Jumping into the Cloud

TL;DR Why develop for the cloud, intro to future posts.

Let’s say, for some reason, you are interested in Cloud Architecture and you want to sky dive.

Why?

Pain? Perhaps you have a traditional enterprise application or service collection that has become so big, it can’t move under its own weight. Your silos of expertise (DBAs vs server devels vs front end devels vs Ops) are creating bottlenecks that are killing feature delivery. Your tooling is nearly a decade old and you wonder if something new could improve your situation.
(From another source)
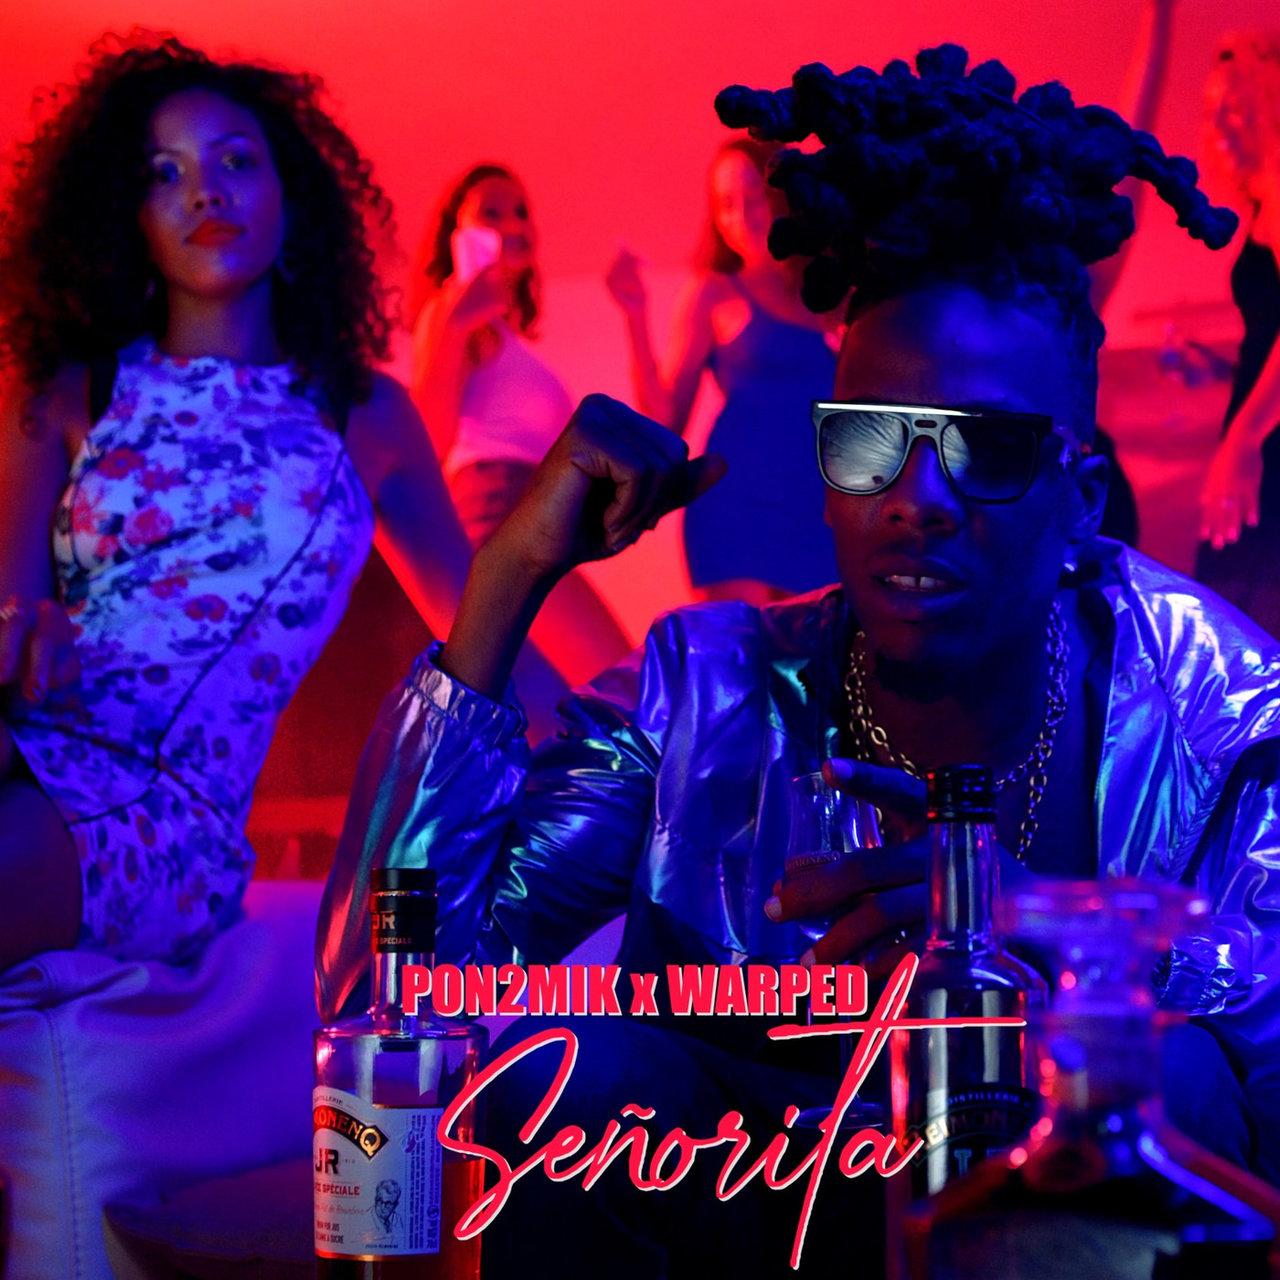 Pon2mik - Señorita (ft. Warped) (Cover)

Quality? Perhaps you want to transform your organization to one with higher product quality, reduced delivery cycles, higher confidence in your ability to consistently deliver features, better monitoring, and better availability,

Feature delivery? Perhaps you realize that you need to optimize your development center for speed instead of efficiency so your company can remain competitive. Efficiency implies monolithic infrastructures and silos of expertise that become delivery bottlenecks. It also implies significant investment in a single technology that must be used everywhere to justify the cost which introduces technology bottlenecks. E.g. You have a significant Oracle investment so every data store must be a row based relational database instead of a data store perfectly suited to your task. You have reached what seems like a limit for Old School Enterprise Architecture and wonder if a different approach will help you reach the next level.

Personal Growth? Or, maybe you just want to play with the tools that all the cool kids are playing with. Or, you just want to jump into a more vibrant development community. Maybe just build your resume so you remain relevant in the industry.

The reason doesn’t really matter – only that you are motivated and looking for something new.

The first step is setting up your computer to easily install and tear down new technologies. This lets you easily explore new technologies and establishes fundamental concepts that you will use in the cloud.

These first articles will guide you through initial local machine setup with core technologies. They are bite sized and ordered to provide a platform from which we can explore new technologies and eventually migrate these to different cloud providers.

Note: These bare-bones installation instructions are meant to get a technology installed and provide one working example. There are many great tutorials out there that provide much more depth; these simple instructions provide the depth we need today and a jumping in point to other articles for the interested reader.